Discrepancies between online tabulations and 1y dataset aggregations

Hello!
I’ve been working with a puma level educational attainment dataset for the ACS 1 year files(version 7), and checking against tabulations found here:
https://data.census.gov/cedsci/table?q=South%20dakota%20education%20age&t=Educational%20Attainment&tid=ACSST1Y2016.S1501&moe=false&tp=false&hidePreview=false

I was hoping someone might know why these would be different – such as a specific versioning change that would lead to different results.

Thank you!

(Example of discrepancies)
(Aggregations using “perwt” weighting variable)
South Dakota 2010, ages 25+ by educational attainment:
less than HS:
tab: 55,367.416
aggregated 1y: 51,503

HS grad
tab: 168,231.764
aggregated 1y: 164,355

some college/ AA
tab: 168,764.143
aggregated 1y: 163,565

college grad
tab: 140,015.677
aggregated 1y: 150,447

Publicly available microdata are a subsample from the full ACS, while the Census website reports the results based on all of the ACS. For small geographies, such as SD, the discrepancies would be more pronounced.

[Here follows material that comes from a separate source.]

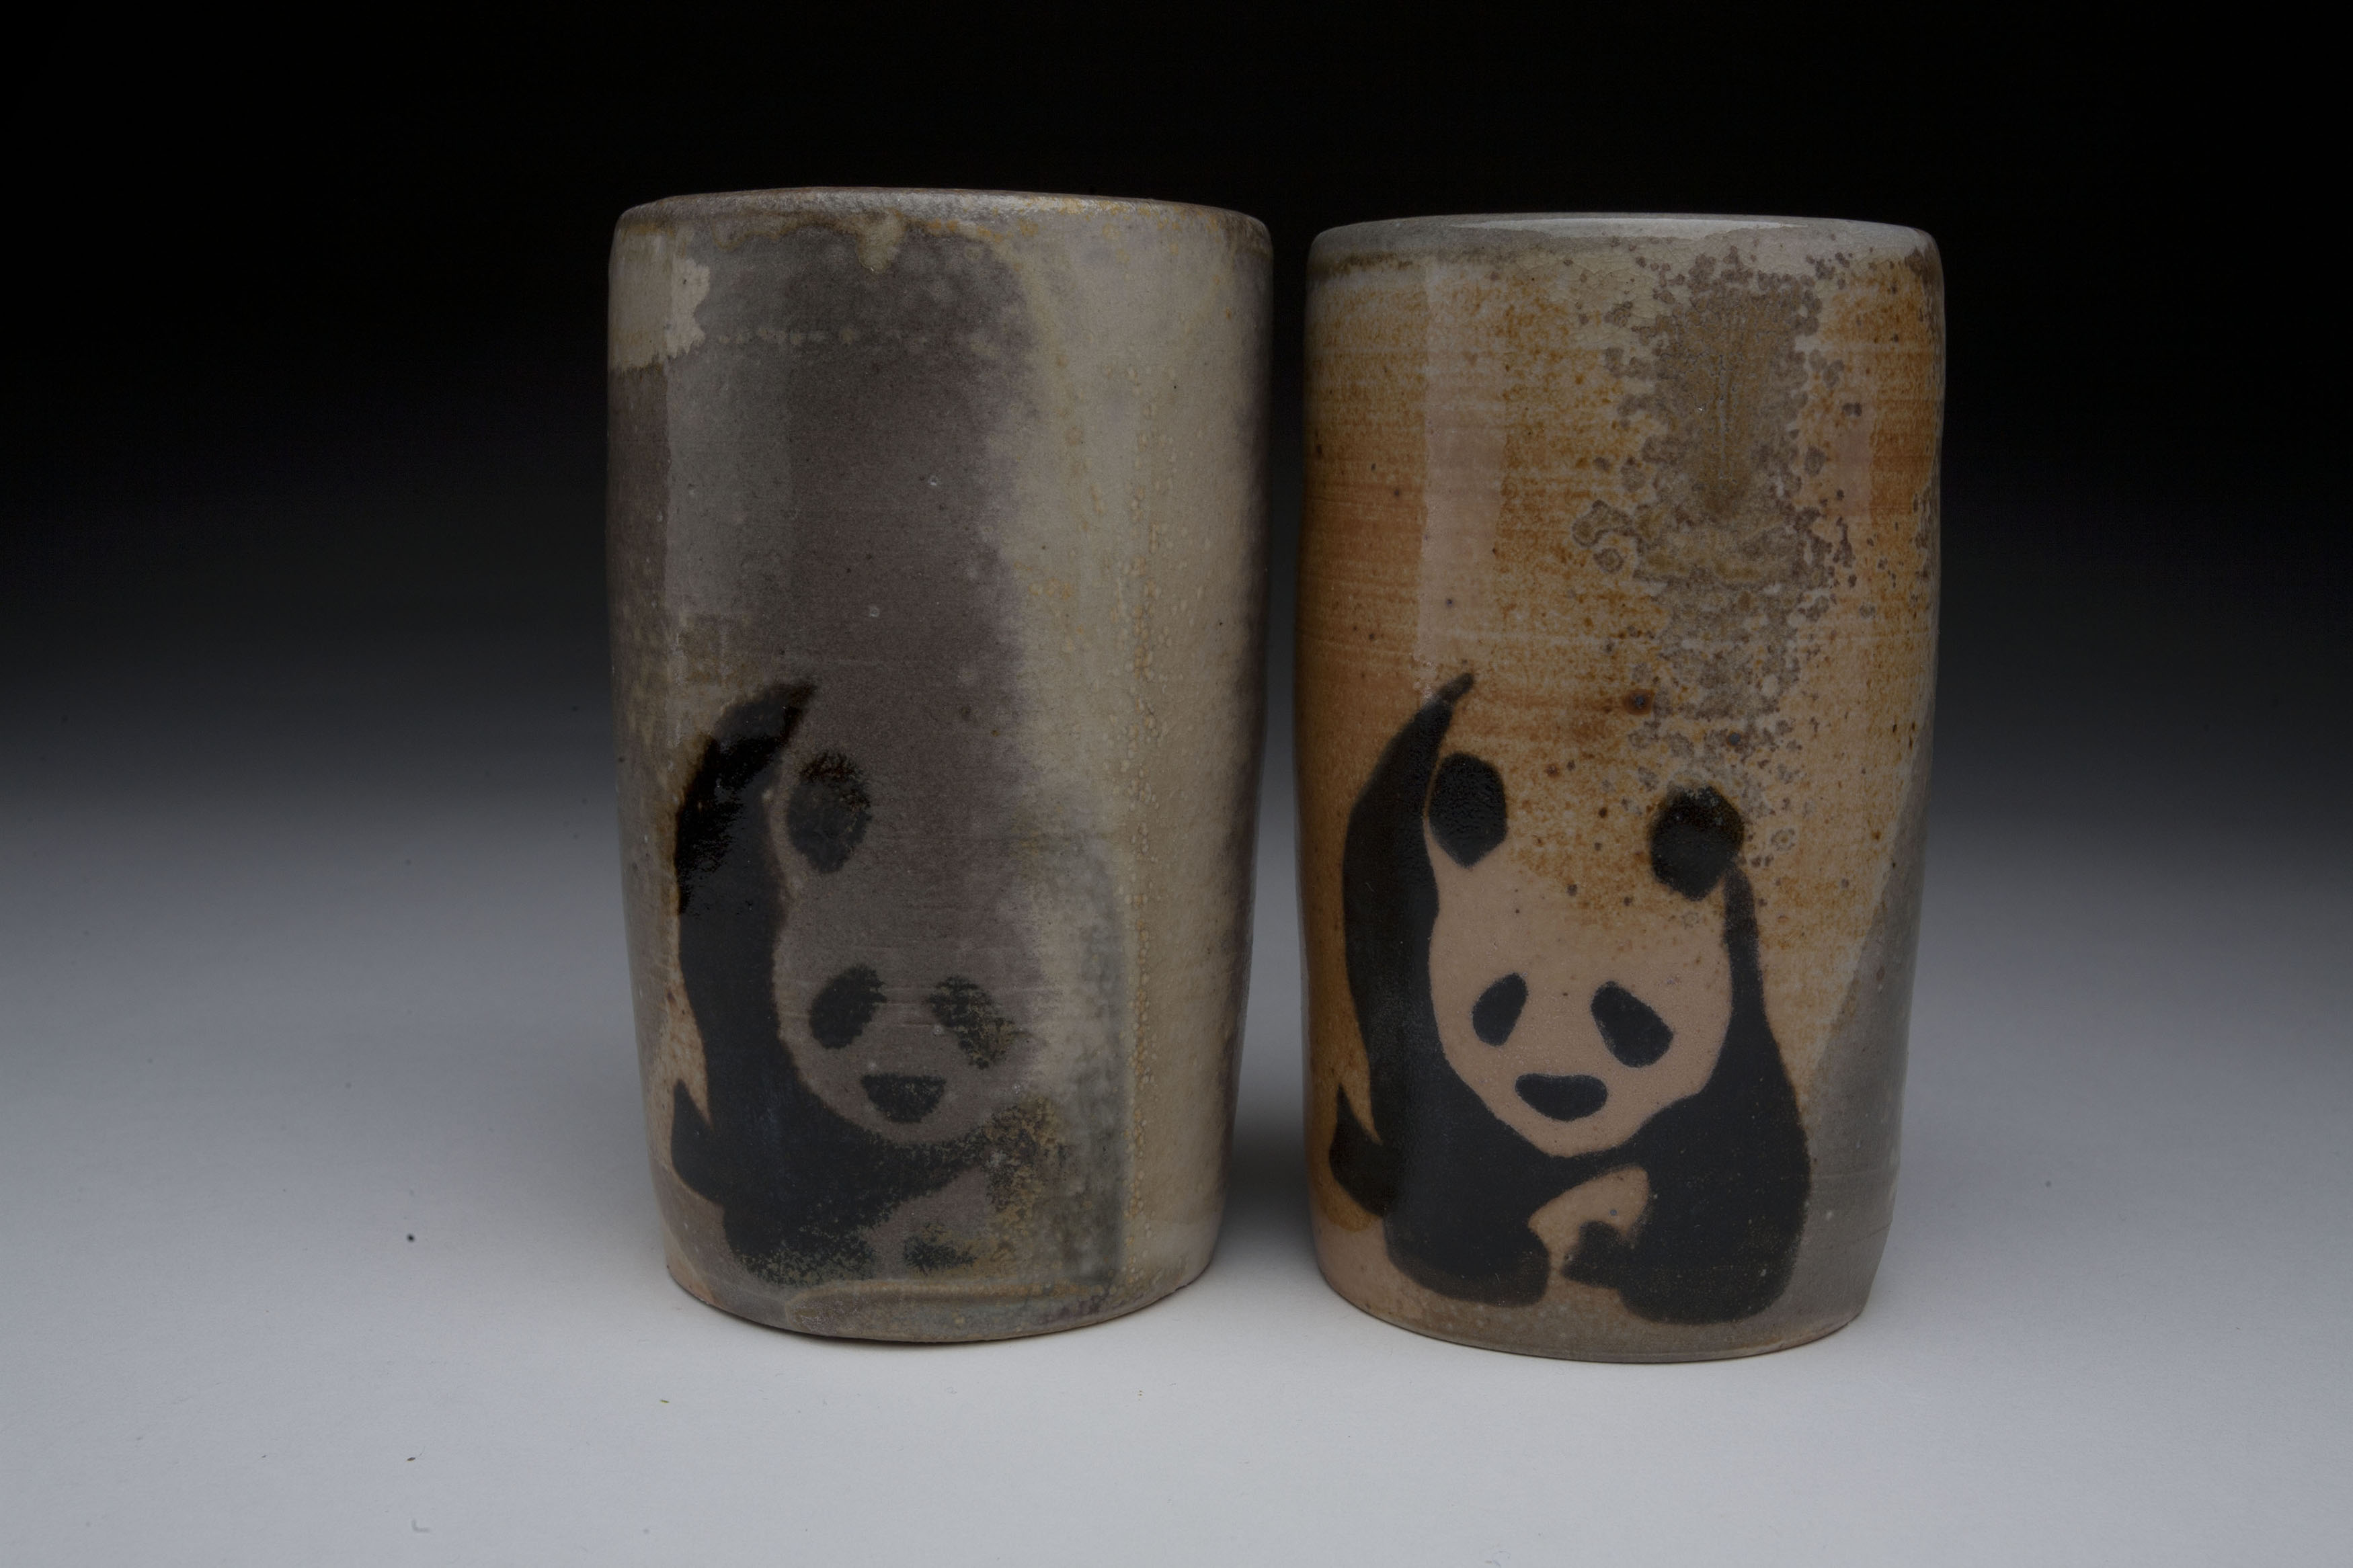 Panda cups by Nicole Roth

The hope is that the two numbers would be insignificantly different from one another (although it is hard to formally test this as the samples are not independent).

1 Like

To follow up on @skolenik 's answer, you can read more about the differences between the ACS PUMS and the full sample here.

ahh ok, I didn’t realize I was working with a subsample. Is this just a measure taken to insure confidentiality?

I believe that’s the reason.